Data provided

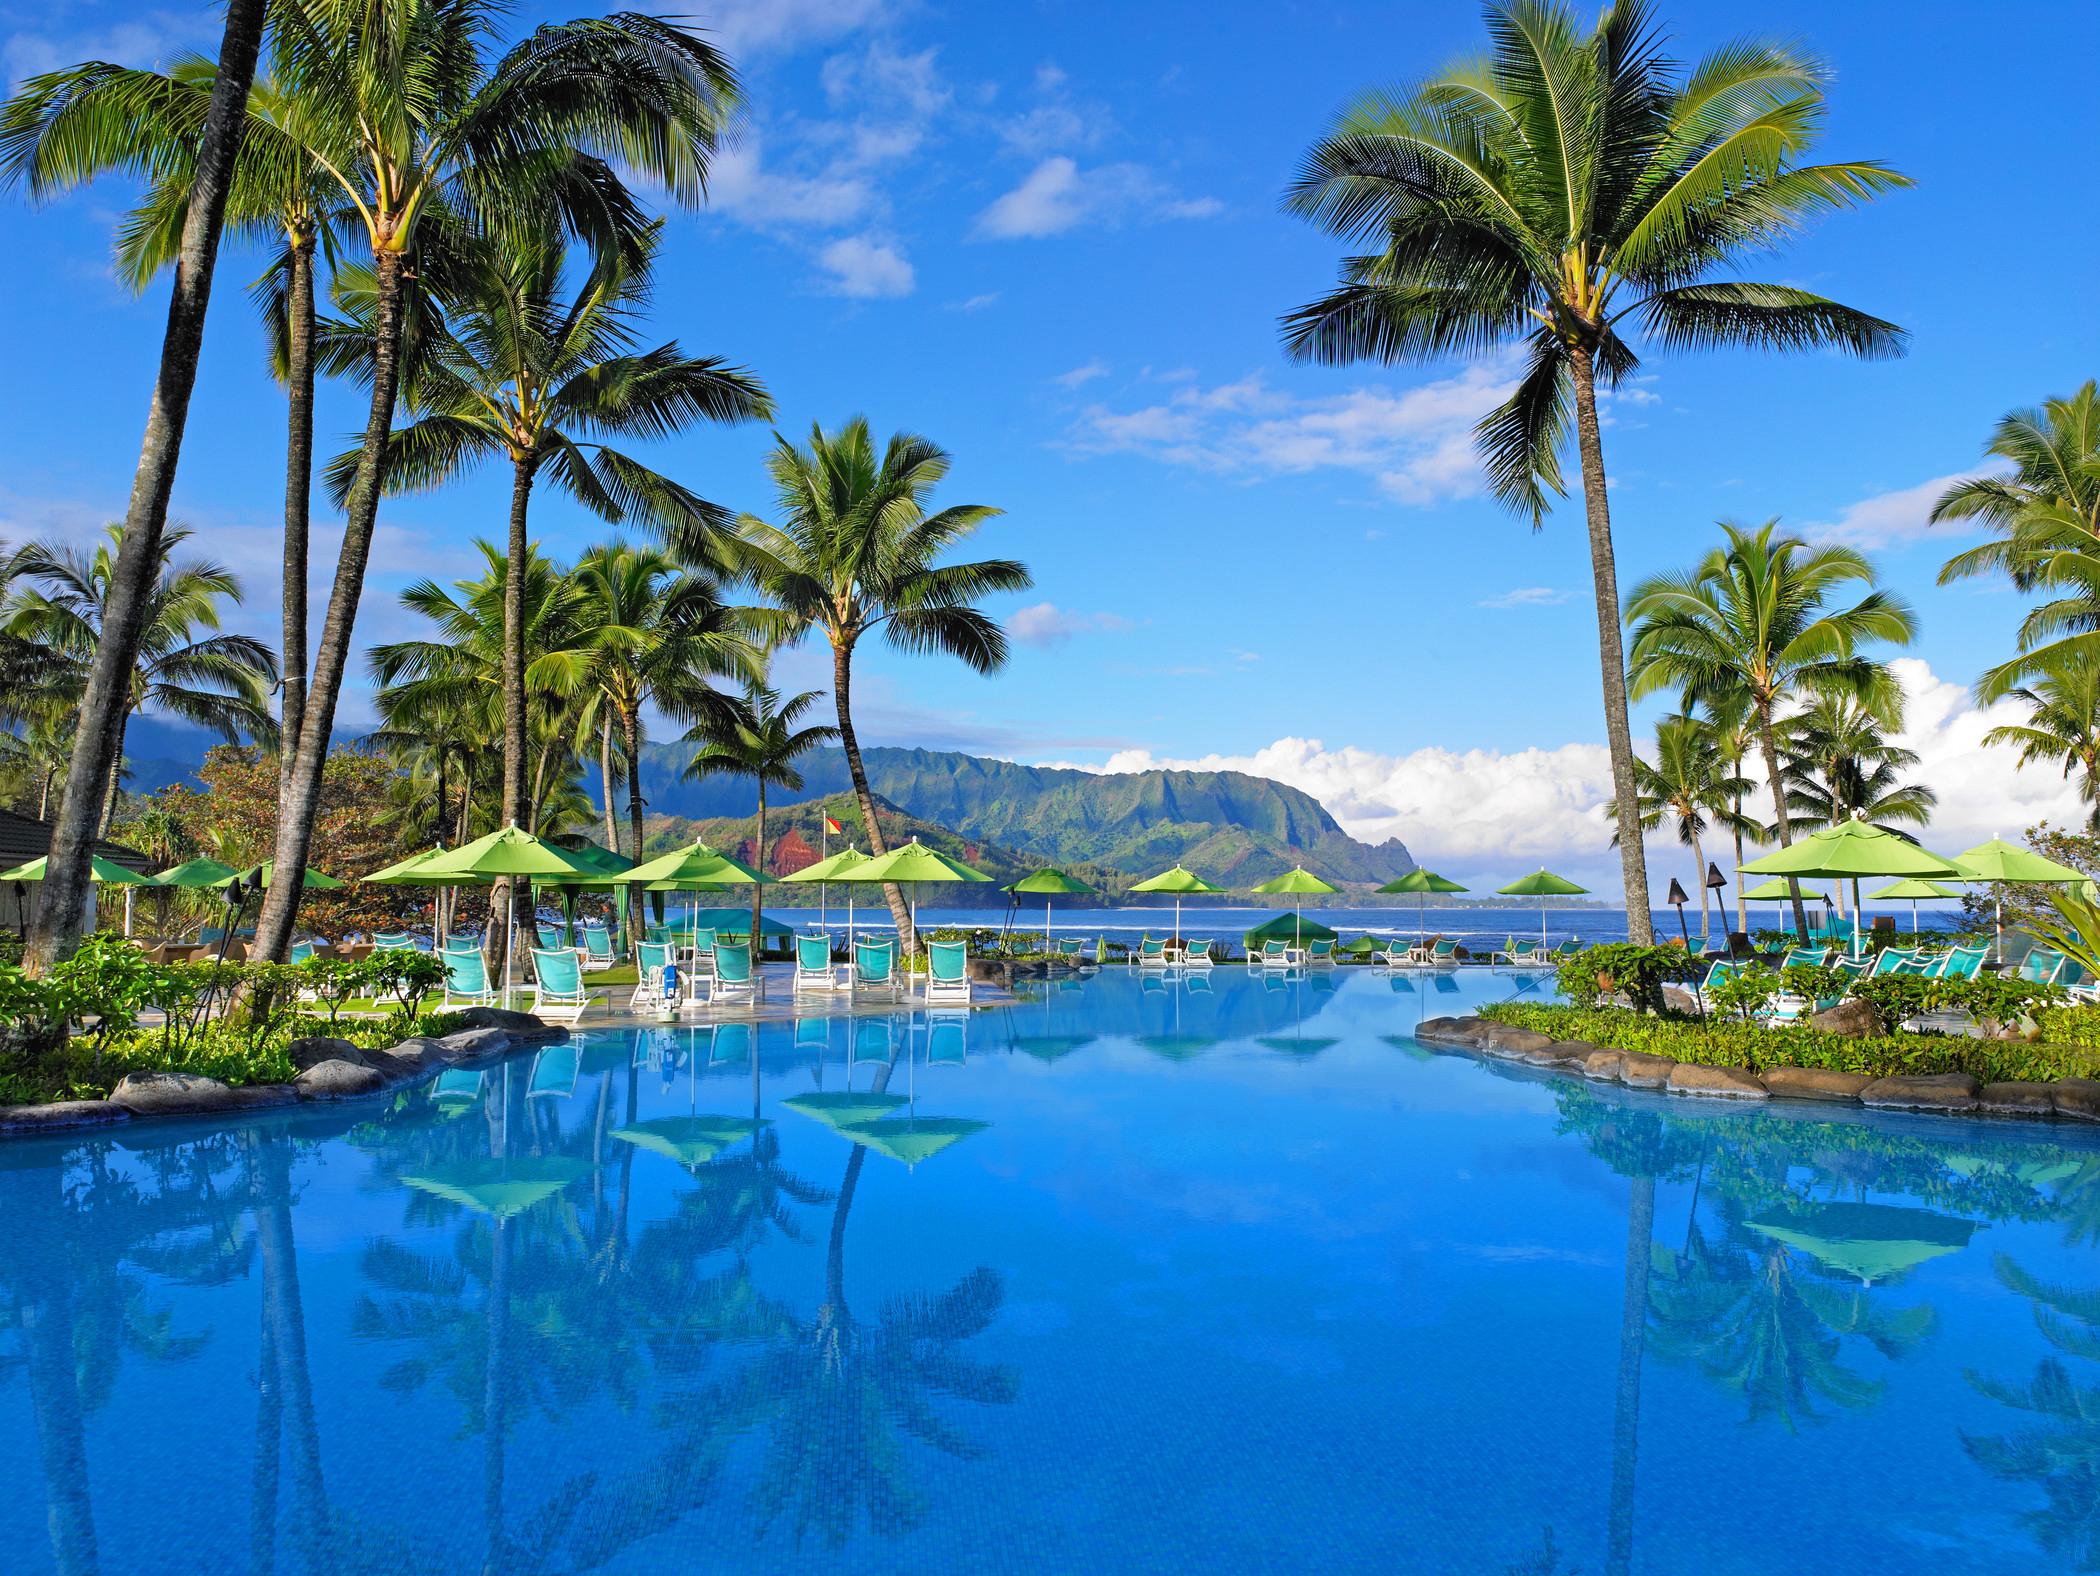 honeymooners guide hawaii st regis princeville resort 0218
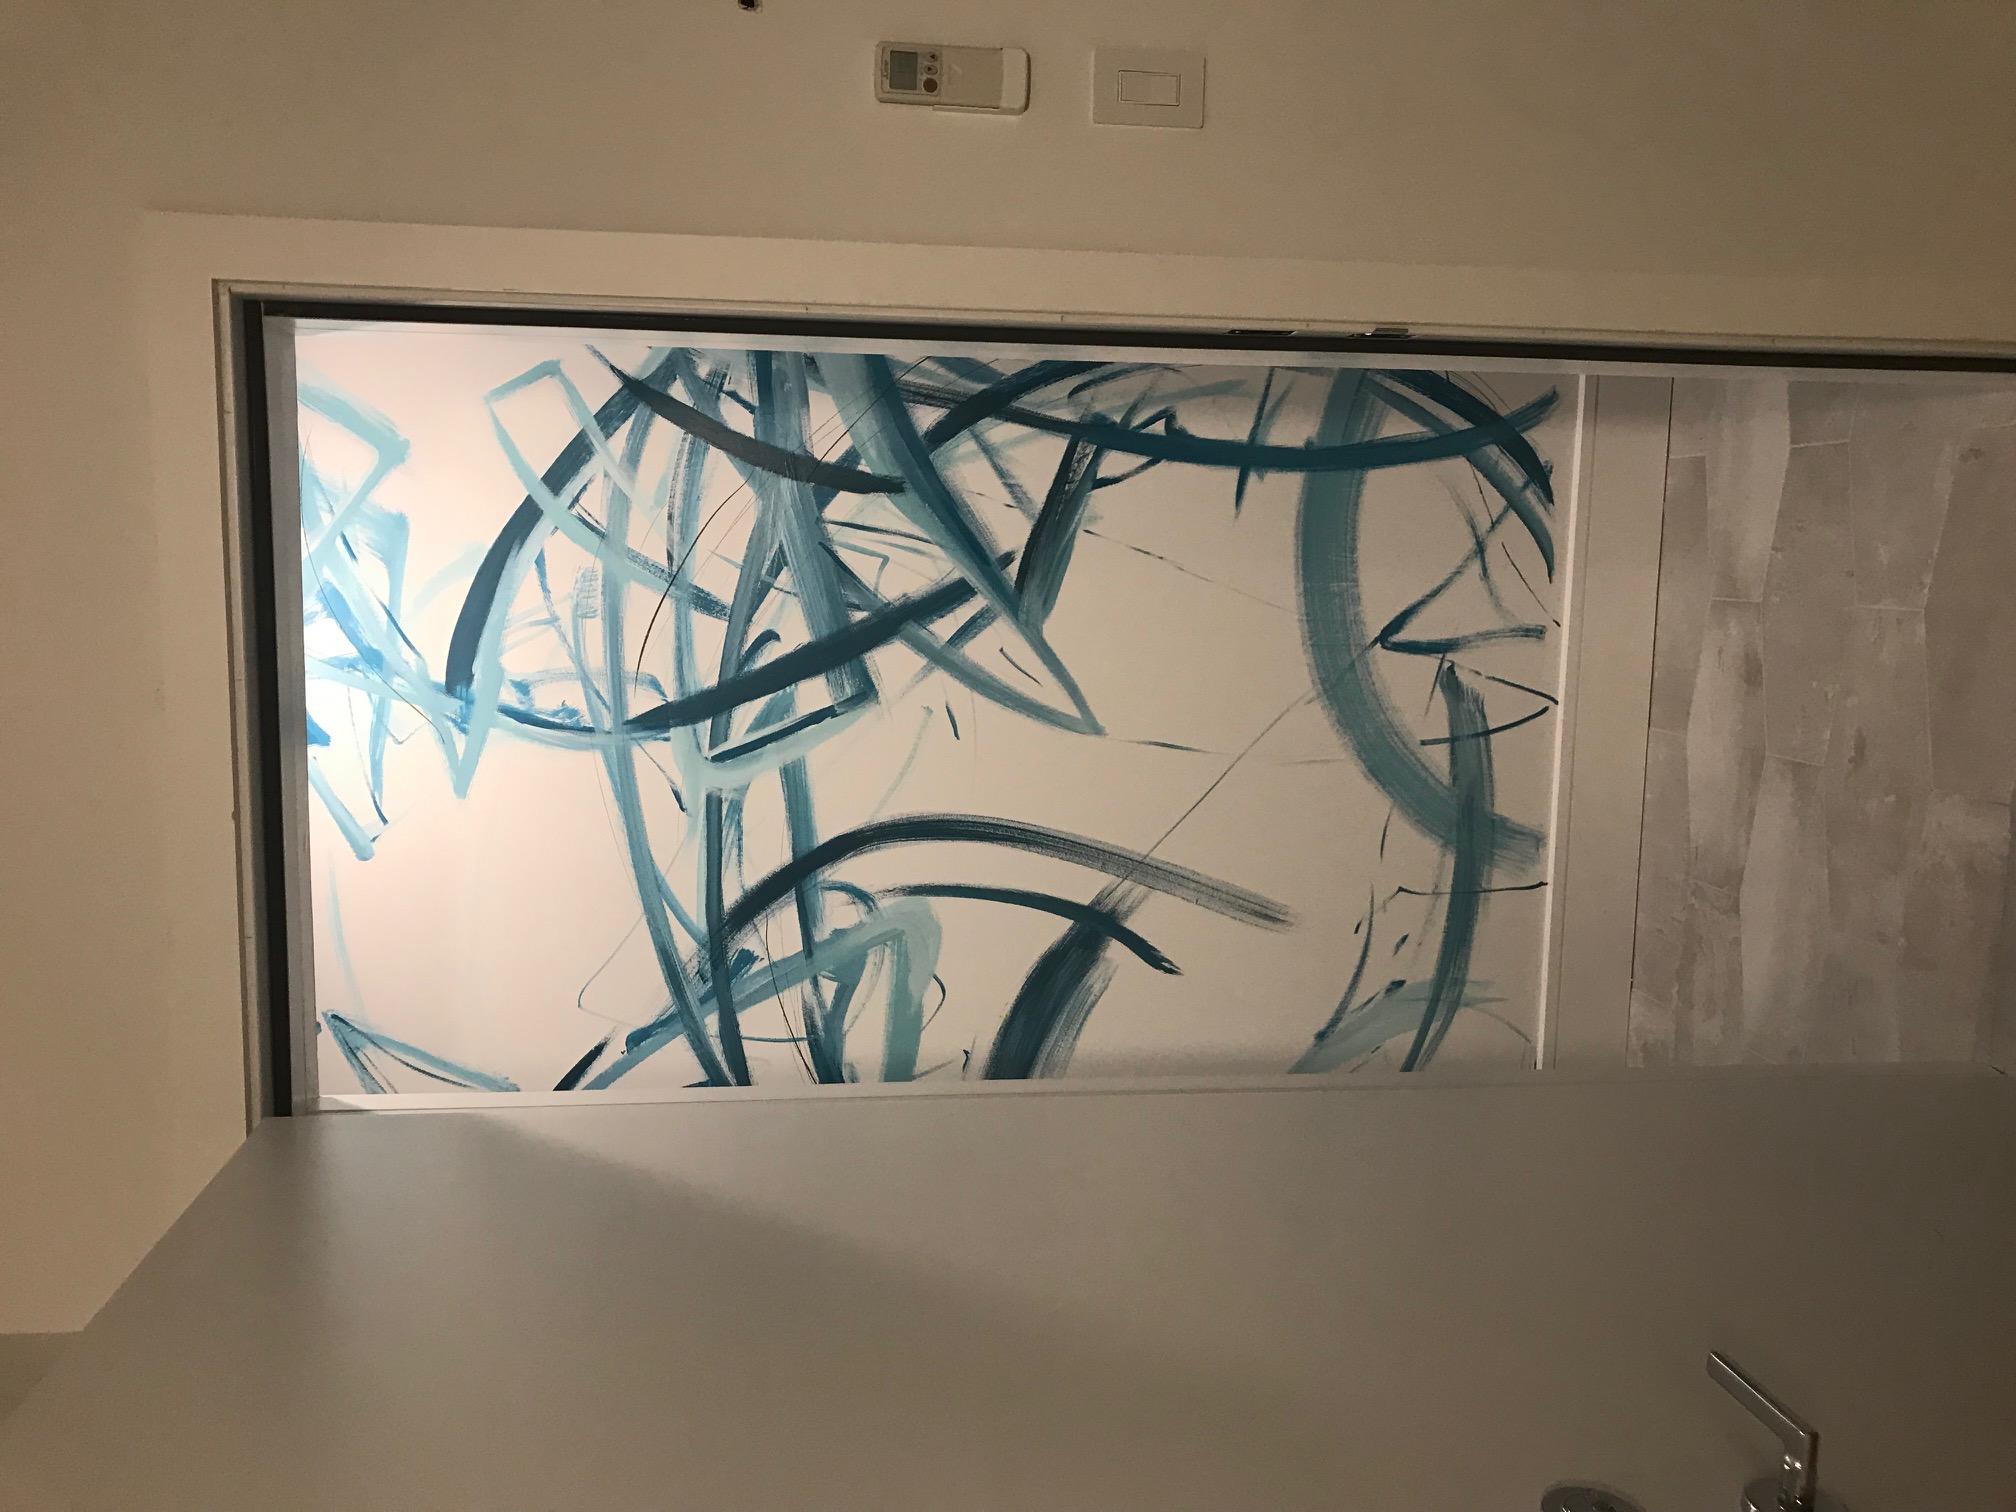 Piero Manrique Abstract Wall Mural frame
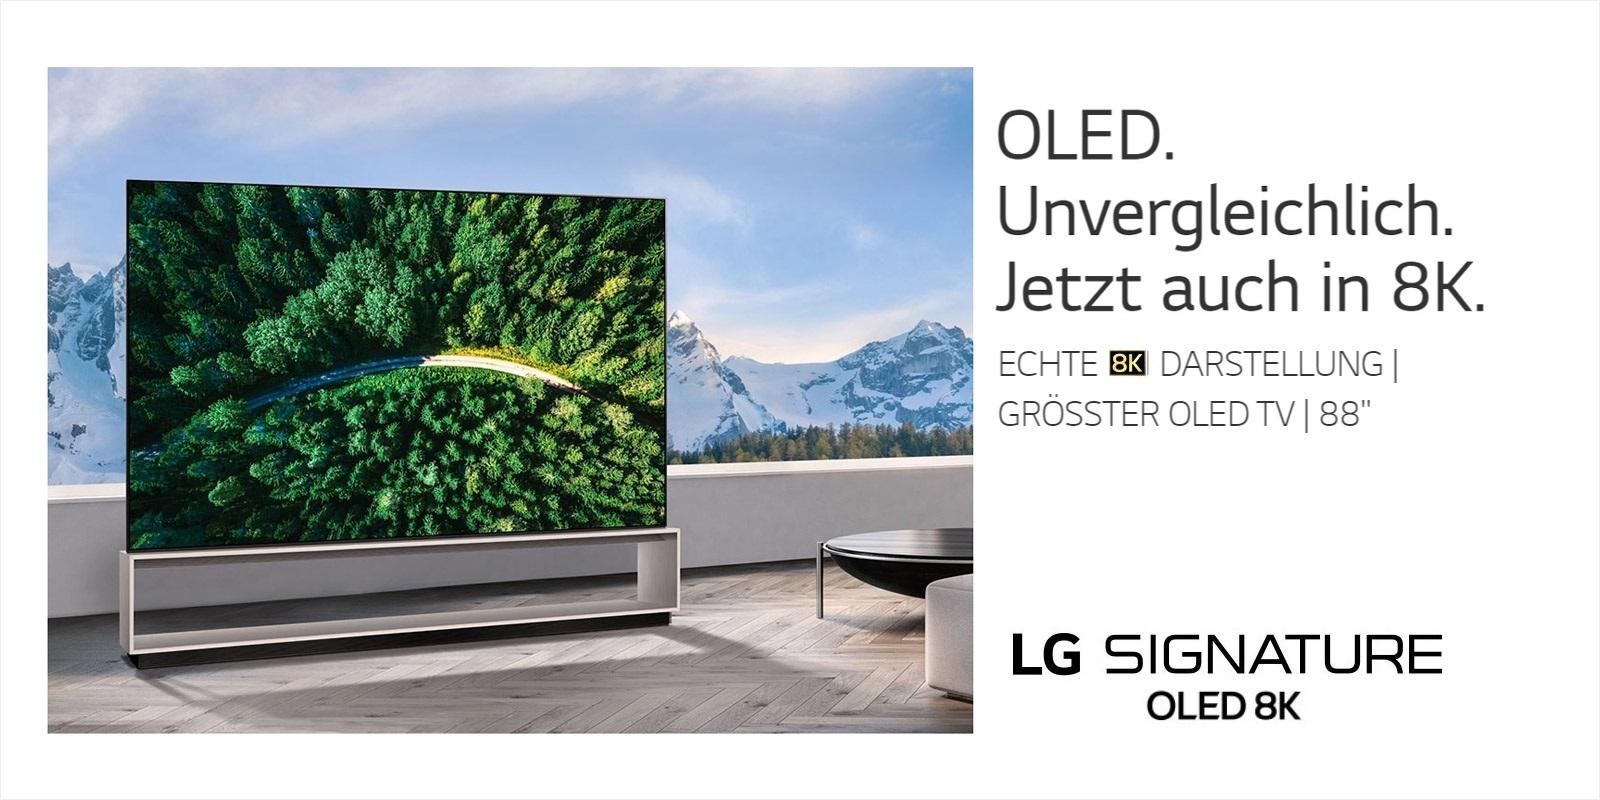 LG OLED TV 4K / 8K bei uns in den Reisenberger Galerien.   LG OLED TVs sind die …

Directions for this task
As you output the material, omit the pictures but alter nothing else.

Answer section
 honeymooners guide hawaii st regis princeville resort 0218
 Piero Manrique Abstract Wall Mural frame
 LG OLED TV 4K / 8K bei uns in den Reisenberger Galerien.   LG OLED TVs sind die …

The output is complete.